More specifically, fungicides useful in the compositions can include, but are not limited to, diazole, triazole, phenylpyrrole, strobilurin, carboxamide, carboxanilide, especially ortho-substituted carboxanilide, carbamate, anilinopyrimidine, phenoxyquinoline, benzimidazole, systemic and phenylamide fungicides. More particularly, the present invention includes the use of systemic, strobilurin, and phenylpyrrole type fungicides. Even more particularly, the present invention includes the use of phenylpyrrole type fungicides.

Diazole fungicides that are useful include imidazoles and pyrazoles. Examples of diazole fungicides that are useful include, without limitation, imazalil, oxpoconazole, pefurazoate, prochloraz, and trifulmizole. Mixtures of such diazoles can also be used.

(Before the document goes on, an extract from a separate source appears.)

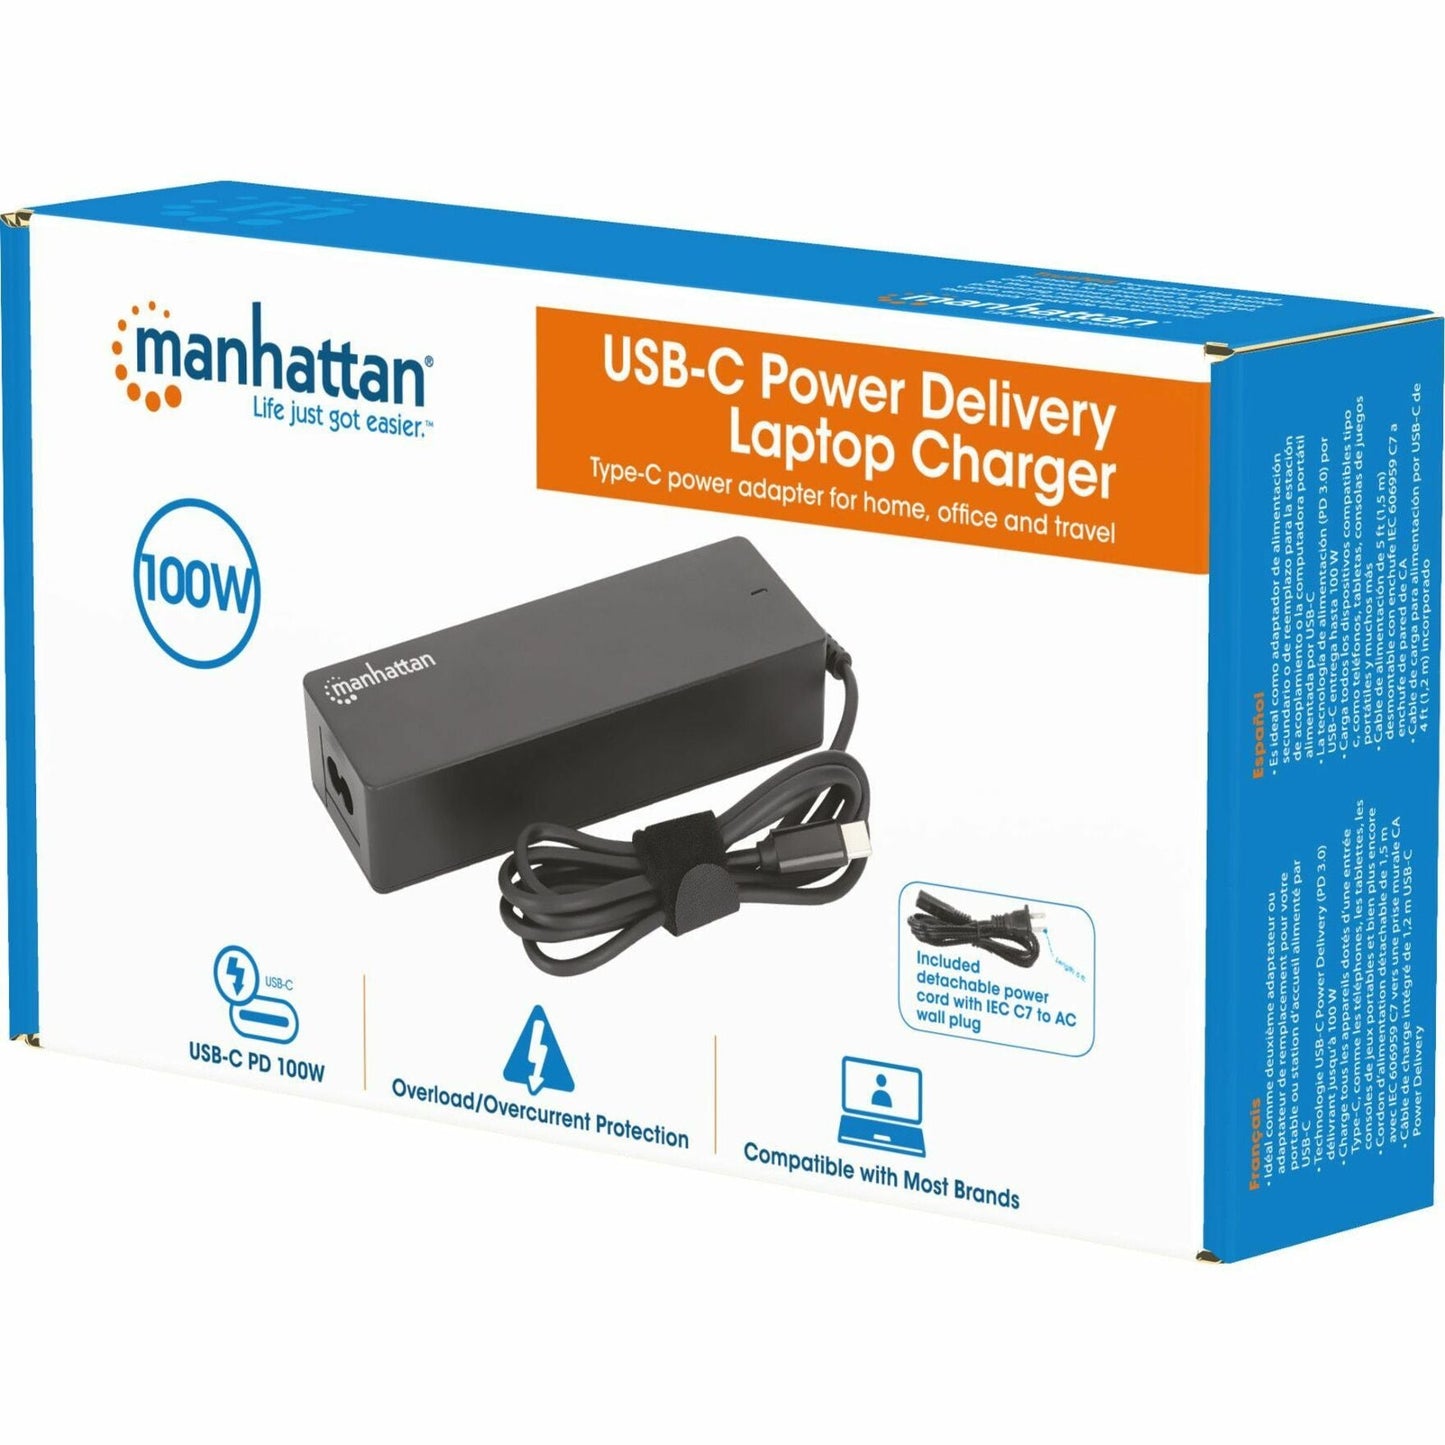 Manhattan USB-C Power Delivery Laptop Charger - 100 W

Examples of triazole fungicides that are preferred for use include, without limitation, amitrol, azaconazole, bitertanol, bromuconazole, climbazole, clotrimazole, cyproconazole, diclobutrazol, difenoconazole, diniconazole, diniconazole-M, epoxiconazole, etaconazole, fenbuconazole, fluquinconazole, fluotrimazole, flusilazole, flutriafol, furconazole, furconazole-cis, hexaconazole, imibenconazole, ipconazole, metconazole, myclobutanil, paclobutrazol, penconazole, propiconazole, quinconazole, simeconazole, tebuconazole, tetraconazole, triadimefon, triadimenol, triazbutil, triticonazole, and 1-(4-fluorophenyl)-2-(1H-1,2,4-triazole-1-yl)ethanone. Mixtures of such triazoles can also be used.

Examples of strobilurin-type fungicides that are useful include, without limitation, azoxystrobin, dimoxystrobin, famoxadone, fluoxastrobin, kresoxim-methyl, metominostrobin, picoxystrobin, pyraclostrobin, and trifloxystrobin. Mixtures of strobilurin type fungicides can also be used. Mixtures of strobilurin-type fungicidies can also be used.

Examples of phenylpyrrole type fungicides that are useful include, without limitation, fludioxonil and fenpiclonil. Mixtures of phenylpyrrole-type fungicidies can also be used.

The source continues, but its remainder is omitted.